Ana de Saracho O’Brien, director of public, regulatory and wholesale affairs at Telefónica México, explains that Turning off an access network, as well as returning spectrum and migrating its 25.3 million users at the same time, is not an easy task. However, he assures that despite the challenges involved in this operation, the company managed to do it without affecting any of the users and its eight Virtual Mobile Operators (MVNO) that it still has in its traffic.
The disassembly of the infrastructure is out of phase with the network shutdown, he adds, because until the access network is removed, the rest of the equipment cannot be removed. The company estimates finish this process until 2024.
By operating its traffic on AT&T’s infrastructure, Telefónica de México has been able to achieve operating savings.
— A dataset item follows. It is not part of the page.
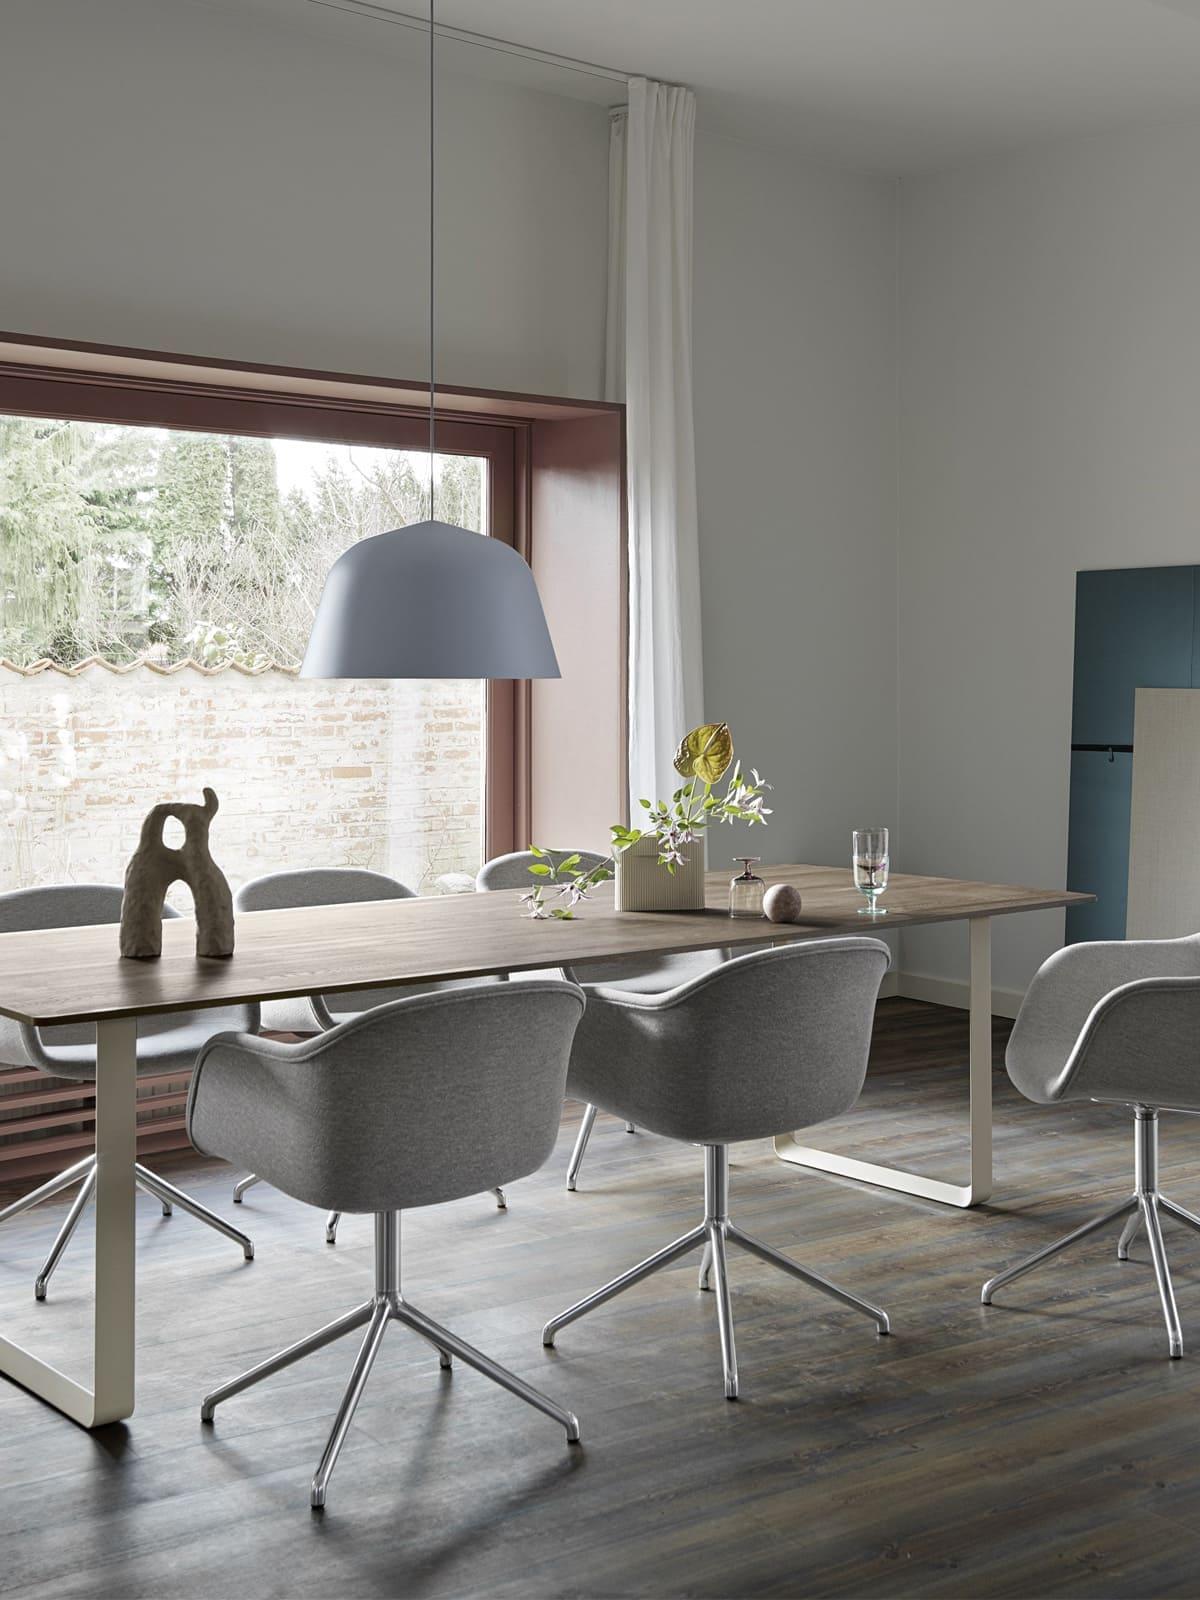 muuto Ambit Pendelleuchte modernes dänisches Design DesignOrt Lampen Berlin

The goal is to achieve a financial reserve of 230 million euroswhich will begin to be reflected once the dismantling of all its infrastructure is finished.
“In the first quarter of this year we dismantled 58,000 network elements such as antennas, air conditioners, batteries and others, and of these, 44% have had to go to recycling; 13% of the equipment has been reused internally, for example, some antennas could be sent to other operations in Ecuador. 36% of the equipment has been sold to third parties such as tower keepers who have wanted to buy some masts”, details the directive.
According to data from the consulting firm The Ciu, the return of spectrum by Telefónica México has meant that the government stops looking at its coffers 1,100 million pesos in rights payments.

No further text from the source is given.